Regina Griffen, the journalist who created the documentary said, 'There were a lot of people who were caught between two countries, two warring nations. And we allowed those children to be abandoned, and people should know that.'
But Germany wasn't the only nation that sent away mixed-race children. Both Korean and Vietnamese mixed-race children were sent to the US and closer to home the British government also sent thousands of illegitimate mixed-race children fathered by American GIs who were given up by their British mothers and shipped across the Atlantic.
The issue of how to deal with the unwanted offspring of the illicit affairs divided the country towards the end of the Second World War and exposed the racial prejudices of the time.
It was considered so serious that there were dire warnings it could harm Anglo-American relations and the Government was urged to treat the children as 'war casualties'.
The problem began to emerge in 1944, when increasing numbers of US servicemen were stationed around Britain. Many of the women they fathered children with were wives of British soldiers fighting abroad. Released documents suggest that where the baby was white it was often possible for husband and wife to be reconciled and keep the child. However, this was rarely possible when the child was mixed race.

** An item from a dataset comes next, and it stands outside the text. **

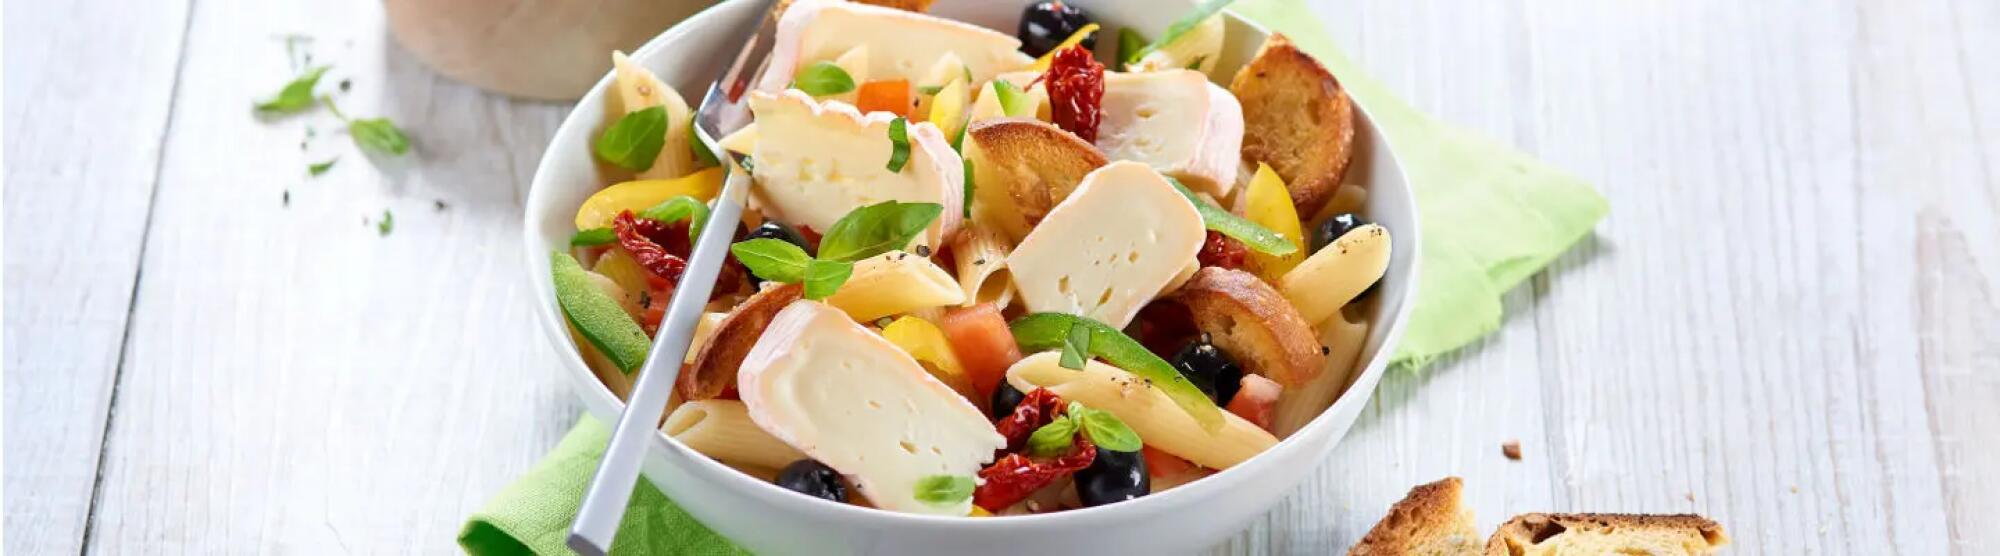 Recette : Salade de pâtes italienne au fromage
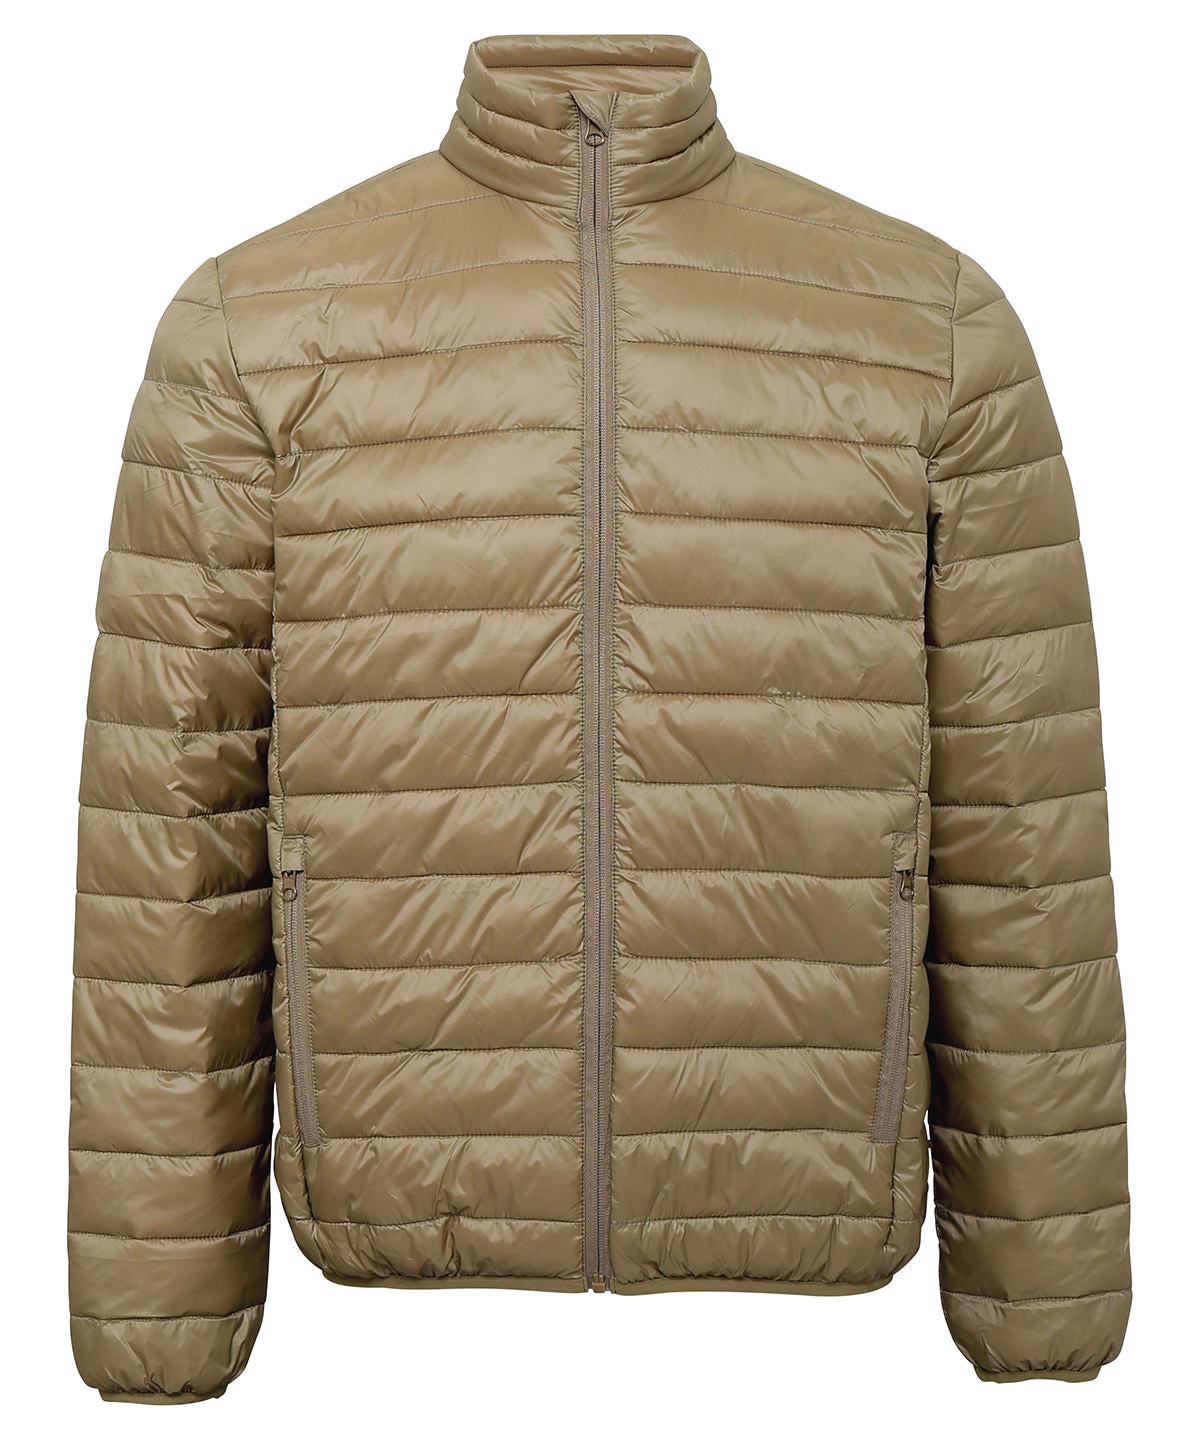 Personalised Jackets - Black 2786 Terrain padded jacket

At a conference on the matter in December 1944 John Carter, of the League of Coloured Peoples, said: 'In several cases they are married women whose husbands are in the army, usually overseas, and they usually get letters from their husbands saying 'Well, I am very sorry to hear about it. If you can get the child adopted everything will be all right.'
'Then there is the unmarried mother who would have prospects of marriage if she could get rid of the child and I think the question is whether or not a Home ought to be provided for these children in some part of the country.'
Some wanted the children raised in homes alongside white children, a few said they should be brought up with other black children to avoid racism, and many called on them to be sent to America to be nearer their fathers.
Speaking at the same conference a Miss Steel, general secretary of the Church of England Moral Welfare Council, said: 'The suggestion that they should be shipped back to America is terribly cruel, even if it were possible. Their mothers are the people to whom they are linked most closely, and it would add to their sense of being unwanted, not only that their mothers had given them up but the country where they were born had given them up too.'
Miss Steel said the war babies should be given places in local authority and voluntary sector homes to solve the problem of finding foster parents.
'In rural areas and small towns…(social) workers found it difficult enough to find foster mothers for any children, and impossible to find for the coloured child…I know of an evacuated family where the father was a coloured man and every visitor to that village was shown the child as an object of local interest.'
Files on the matter, released in 2008 by the Public Records Office in Kew, include a letter from a Miss O. Clarke to her MP suggesting the babies be placed in West Indies mission schools. However, a Whitehall official wrote to the MP in July 1944: 'The proposed solution is high handed and - if confined to coloured illegitimates - has a Herrenrasse (master race) flavour not now popular.' By the end of the war pressure was mounting on the Government to take action.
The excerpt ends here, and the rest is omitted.